En nu was er die een grote overdekte rommelmarkt in het Wijnegem Shopping Center.

WSC, een van de grootste winkelcentra van Vlaanderen, ligt op amper een dikke twee kilometer wandelen van het domein van Mr Willy. Mooi wandelen, langs velden en weiden, door een schilderachtig landschap vol wuivend gras en kwetterende vogels, waar de lucht net iets frisser ruikt dan thuis. Het is de perfecte opwarmer voor een dagje rommelmarkt.

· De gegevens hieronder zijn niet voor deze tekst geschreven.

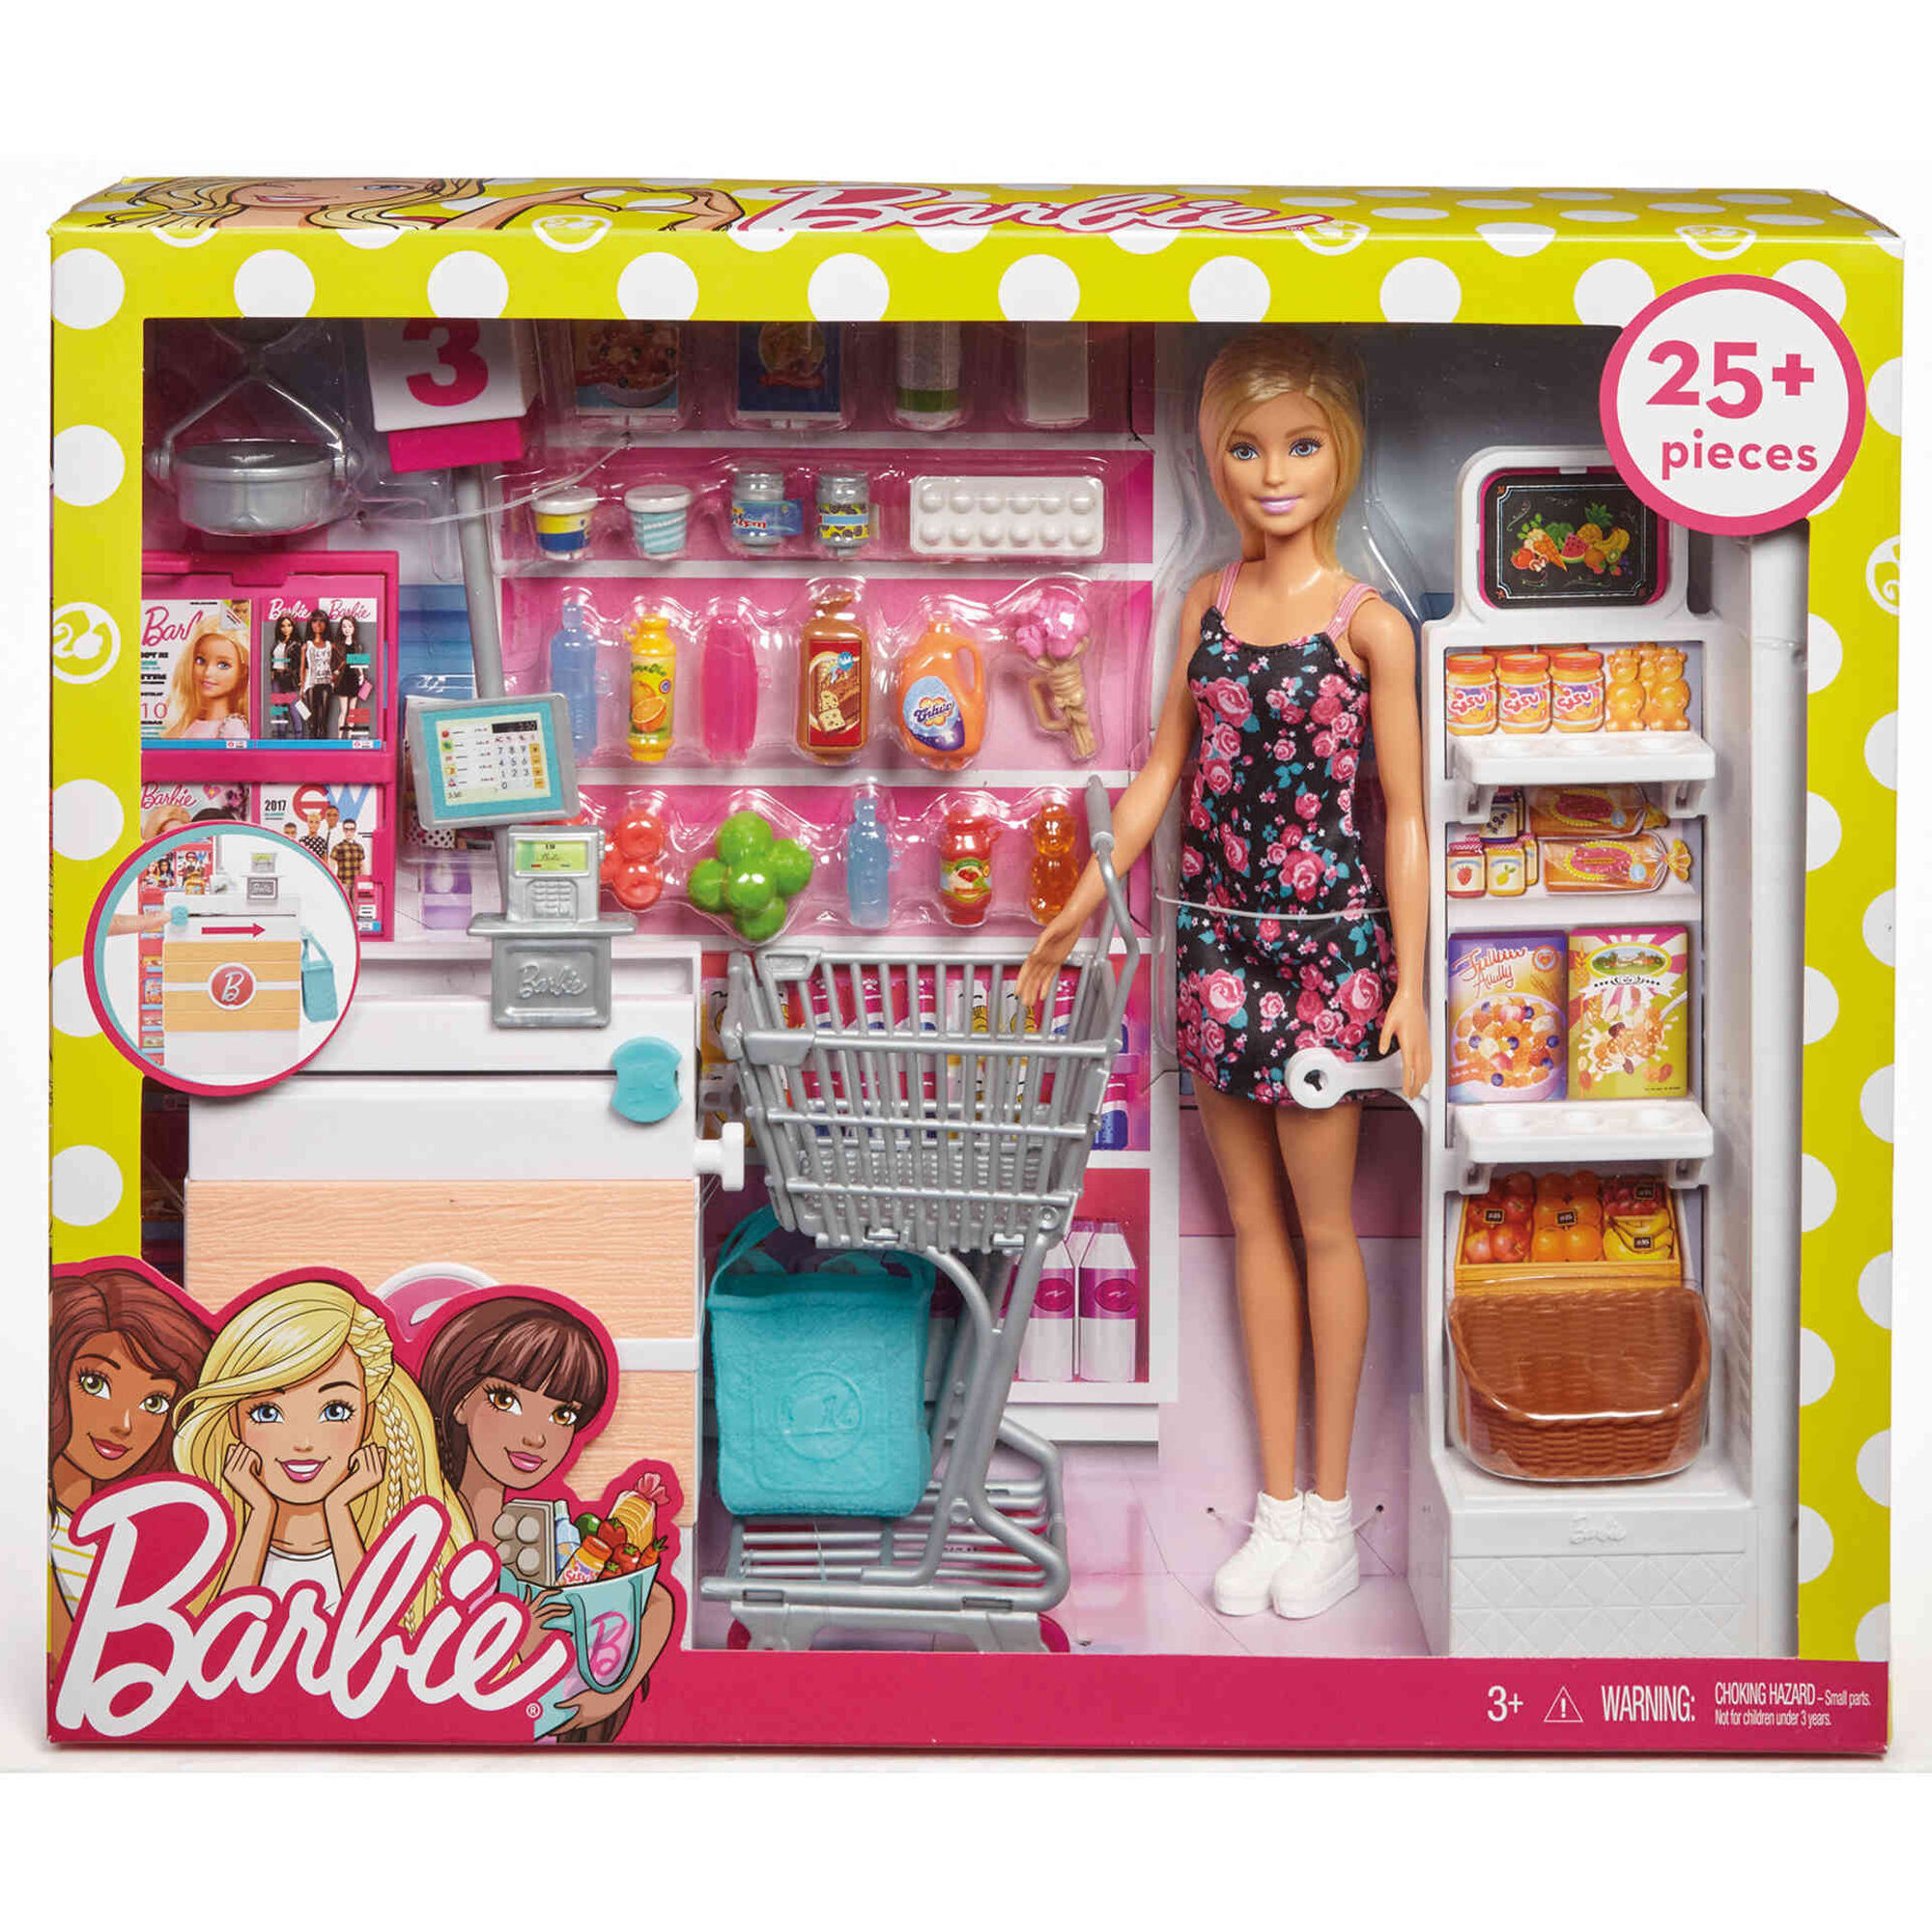 Игра купить куклу. Набор Barbie в супермаркете, 28 см, frp01. Набор Barbie frp01 супермаркет. Куклы Барби плейсет. Кукла Барби Mattel супермаркет.

En het was leuk. Alles stond nog in het teken van Halloween. En dat is dus een feest van mysterie en spanning. Etalages knipogen je toe met fel oplichtende pompoenen en grijnzende schedels, elk een uitnodiging om binnen te stappen in hun donkere wereld. Hier met feloranje, uitbundige lichten, daar met een subtielere duisternis—alsof je zo een spookhuis binnenstapt. Heksen met priemende ogen loeren vanachter spinnenwebben, weerwolven grijnzen vanuit de schaduwen. En daar flitst een griezelige silhouet voorbij, net zichtbaar in het schijnsel van de straatlantaarn. Halloween heeft de winkelstraten betoverd—een magische mix van licht en duister. En daar hebben we dus nog een hele dag rondgelopen. Helaas geen schatten gevonden.

Maar er was wel een lichtpuntje, een groepje vrolijke mensen met een groot bord: "Free Hugs." Voor ik het besef, staat er een grote, rondborstige jongedame recht voor mijn neus, en ze vraagt me met een warme glimlach: "Mag ik u een knuffel geven?" Nou, dat vraagt ze dus aan Meneer Willy, wiens verkoudheid nog lang niet genezen is en die daar rondloopt met een neus die drupt als een lekkende kraan en wallen die op theezakjes lijken. Maar voor hij de kans krijgt om haar daarop te wijzen, voelt hij al twee ijzersterke armen om zich heen, krijgt een stevige omhelzing, een knuffel, en dan is ze weg, vrolijk naar het volgende 'slachtoffer.'

Als er morgen in de krant staat dat het WSC in quarantaine is, weet je alvast waar het vandaan komt.

Het was toevallig ook nog gewoon markt, dus ik blijf mooi in de buurt van Mevr Willy, want zij heeft de kas, en ik ben uiteindelijk maar de pakjesdrager van dienst. Bij een kraam blijven we staan. Ze bakken er varkensribbetjes die er zo smakelijk uitzien dat het water me in de mond loopt. Twee grote stuks heb ik meegenomen.

En dan terug naar huis.

Maar ja, met die geurende ribbetjes in een papieren zakje krijg je plots heel andere volgers. Het hele hondenbestand van Wijnegem stond me aan te staren alsof ik een wandelend buffet was. Achter me kwijlden vijf raszuivere exemplaren die hun baasjes zo goed als vergaten. Goed dat die baasjes redelijk gedisciplineerd waren en hun honden aan de leiband hielden, want anders was ik bij thuiskomst de trotse eigenaar geworden van een Afghaanse windhond, een Duitse herder, een poedeltje en nog twee stuks van onbekende origine.

Maar 't was toch een heel leuke dag geweest. En de ribbetjes waren lekker.